*Provided data*
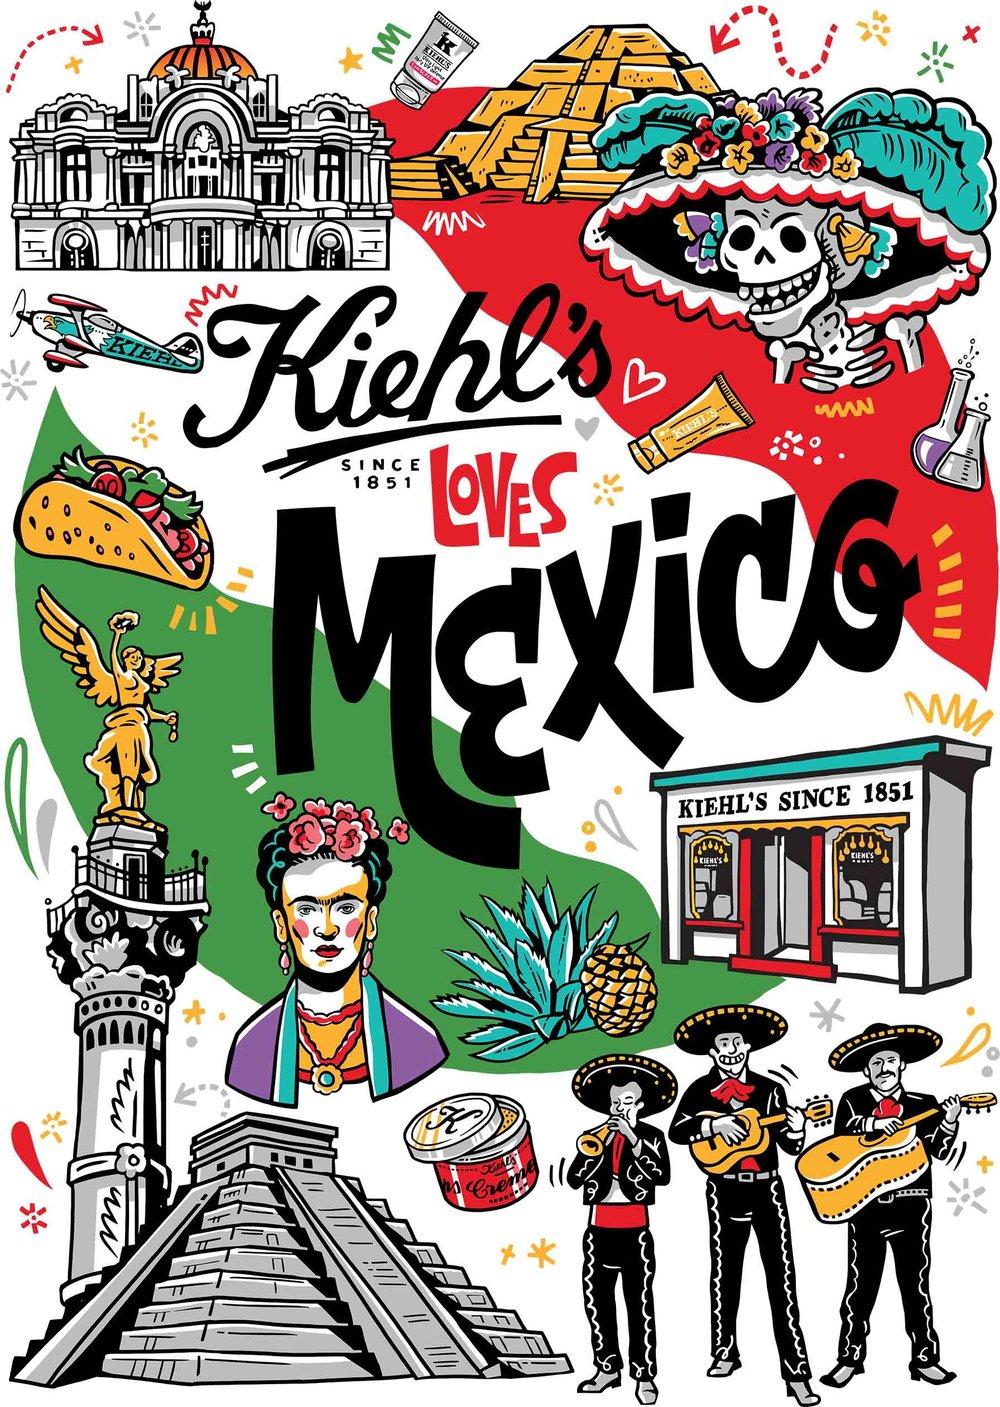 kiehls-ama-a-mexico-2.jpg
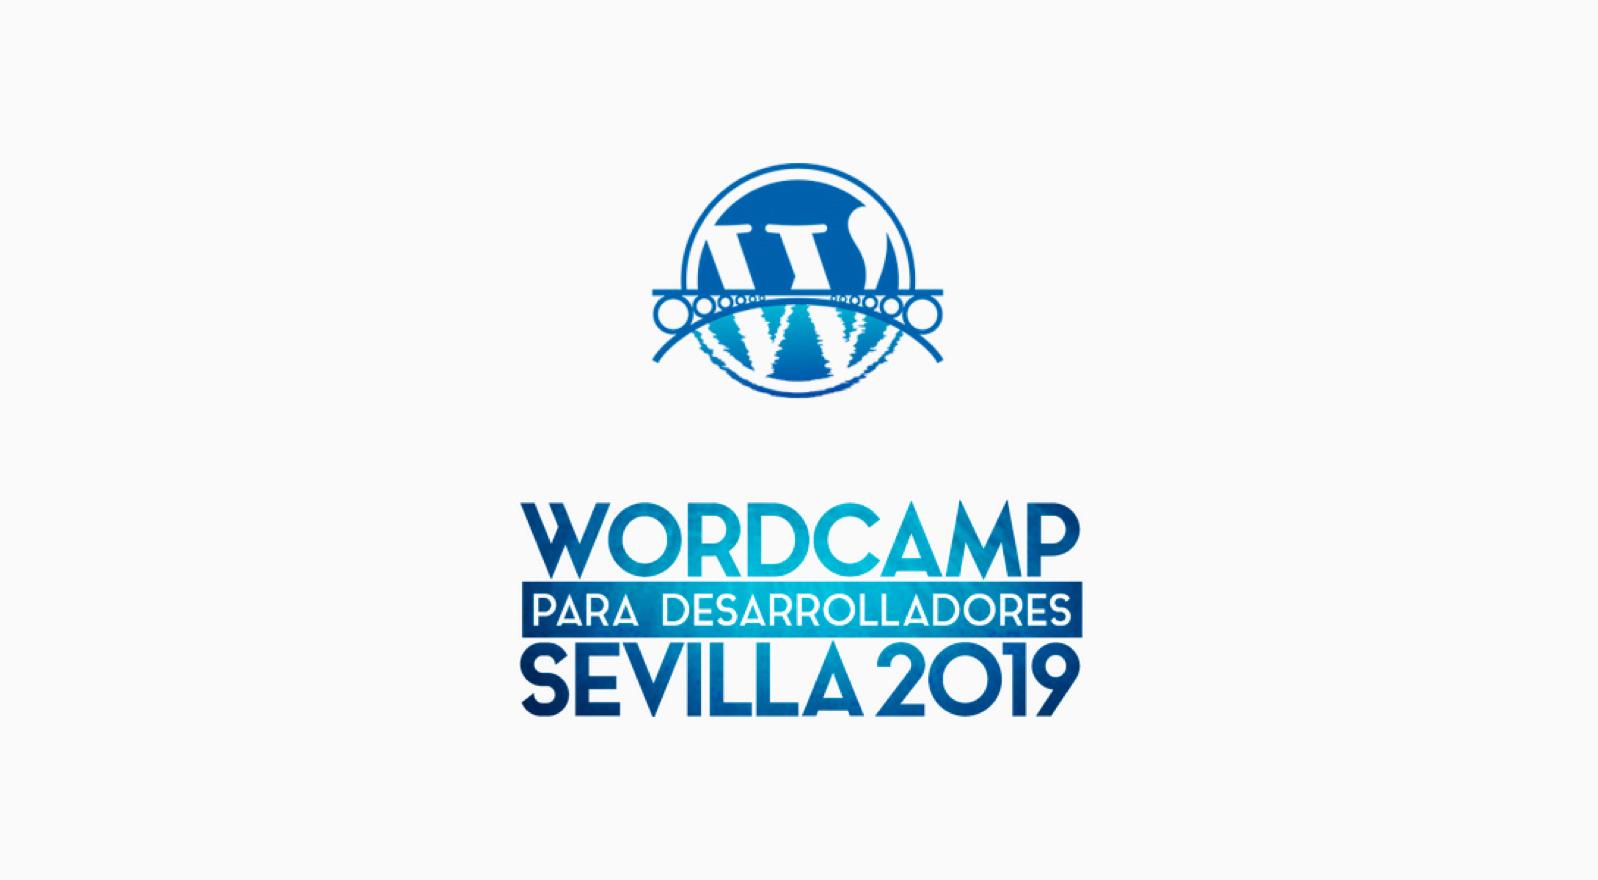 wordcamp-sevilla-devs-2019
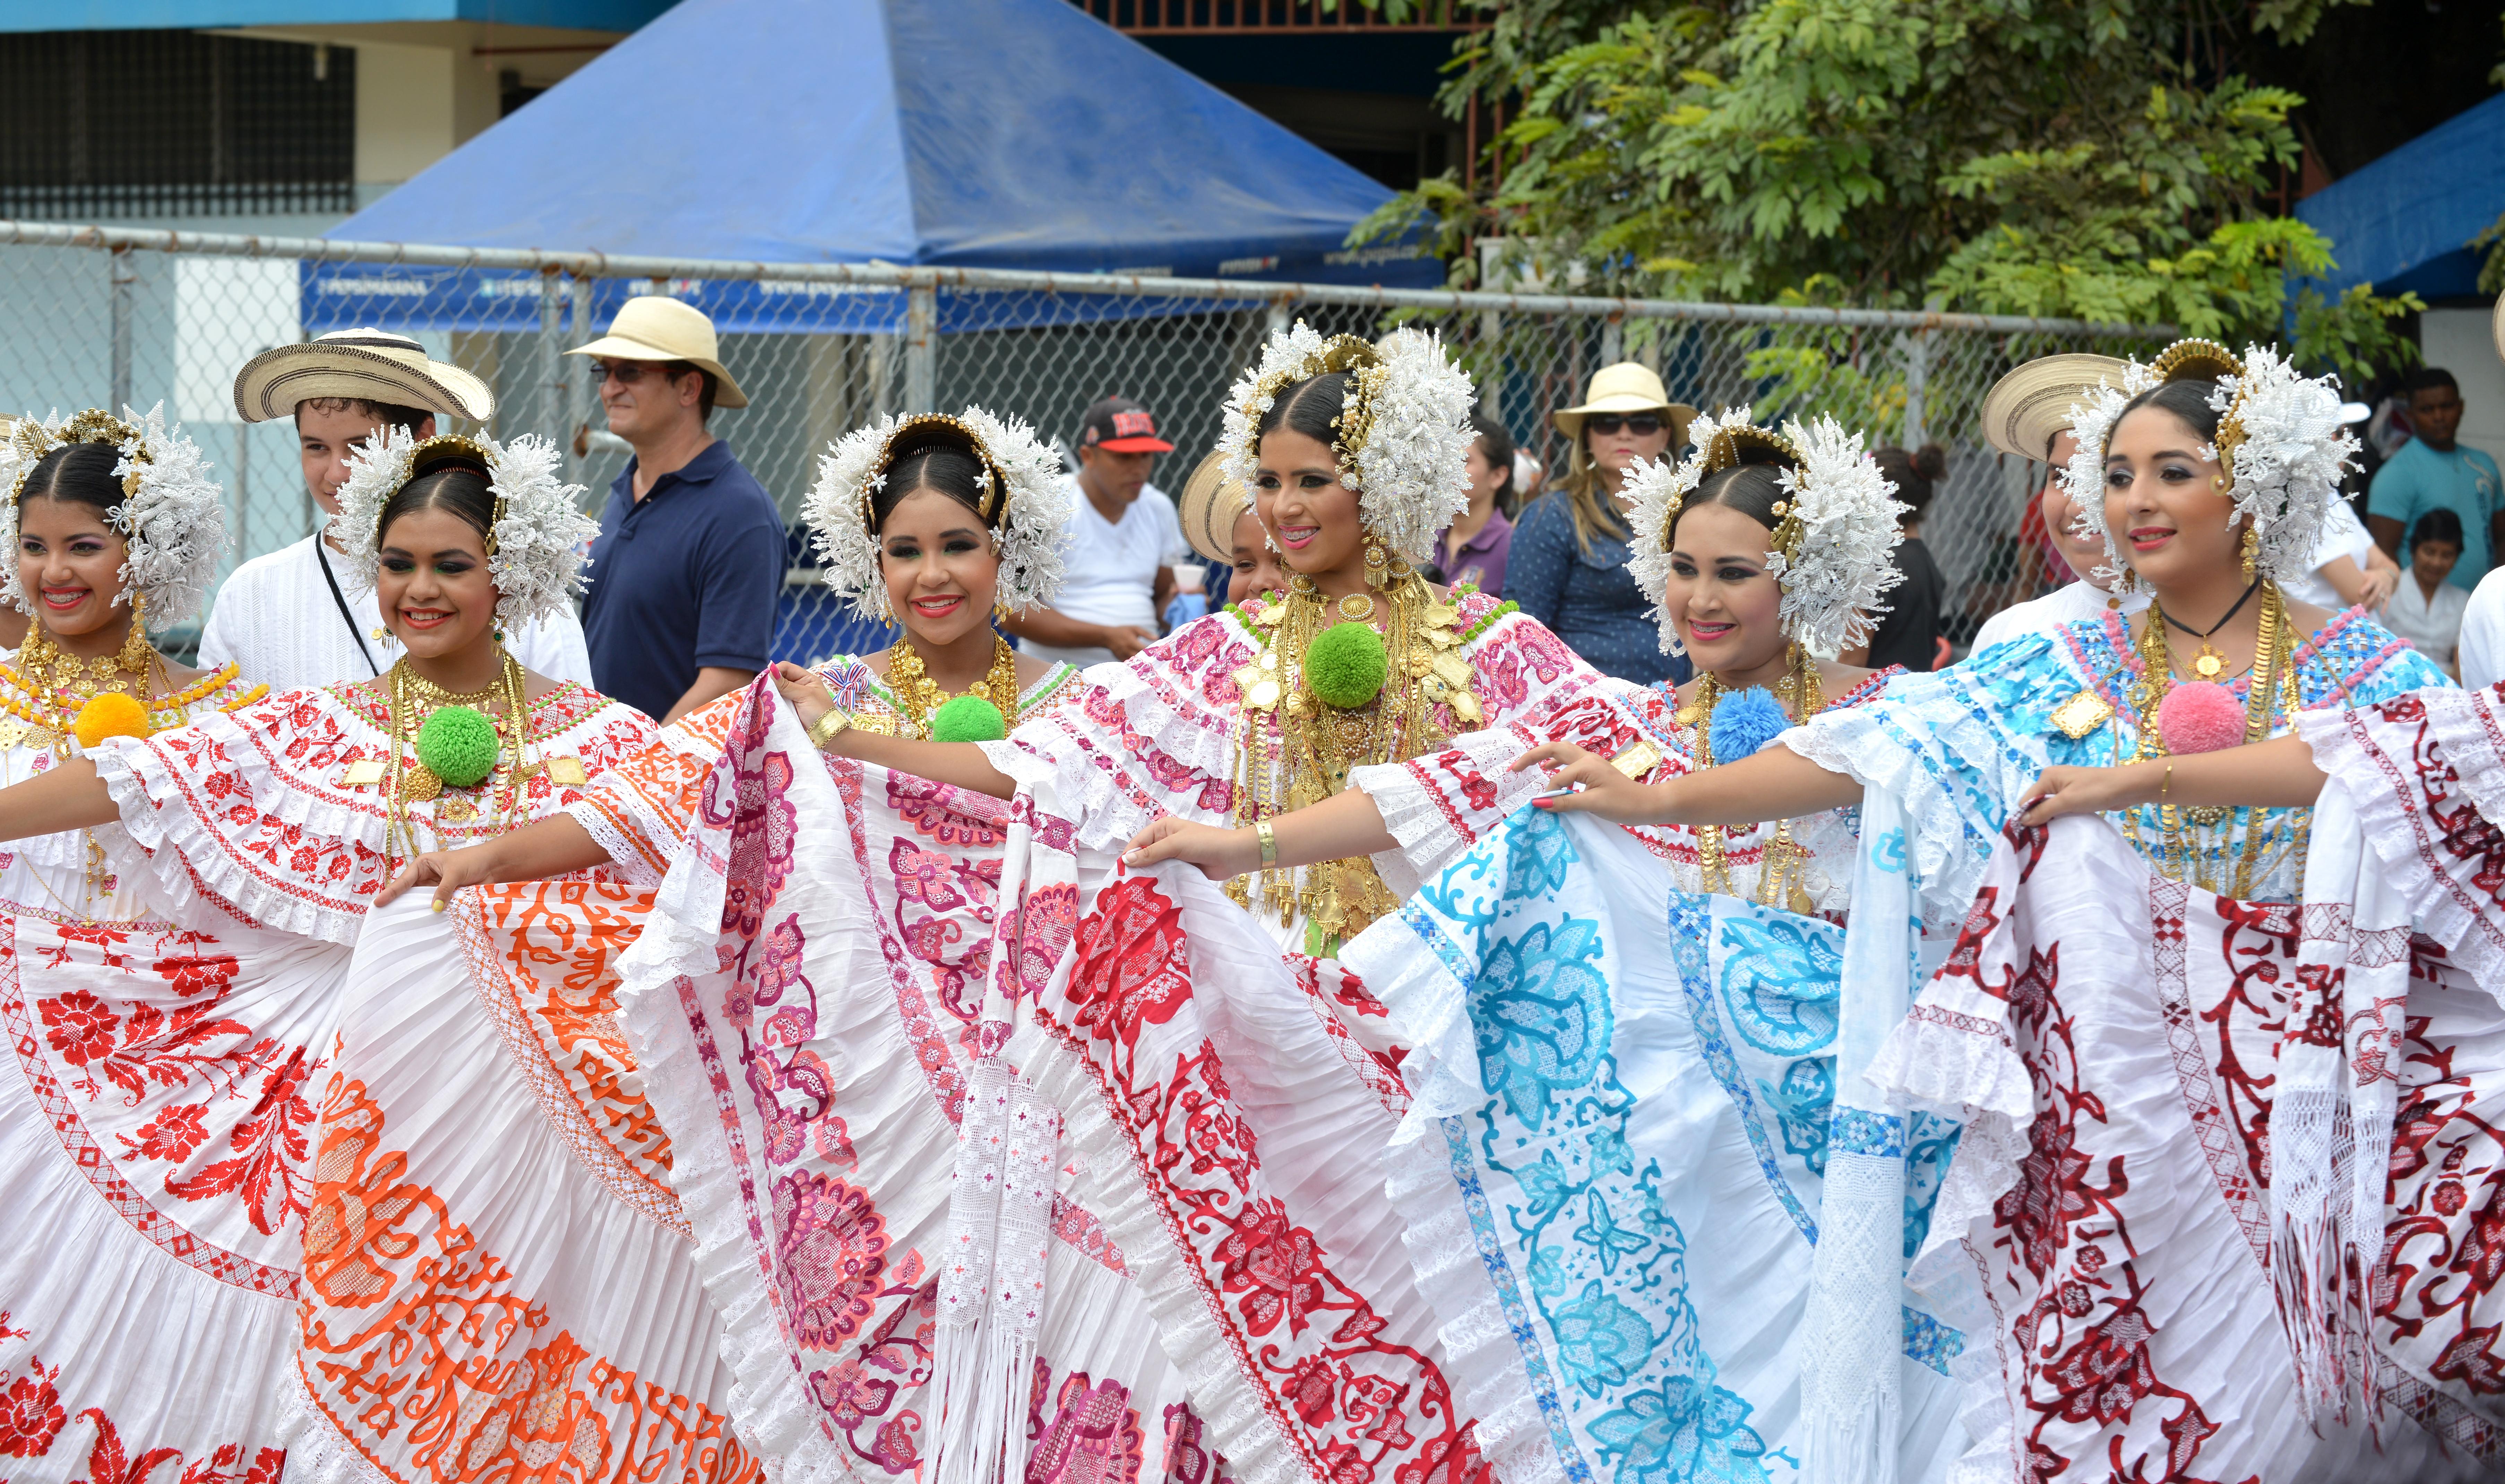 Las Tablas Carnival via Shutterstock

*Work item*
Print the material word for word without images.

*Solution for this problem*
 kiehls-ama-a-mexico-2.jpg
 wordcamp-sevilla-devs-2019
 Las Tablas Carnival via Shutterstock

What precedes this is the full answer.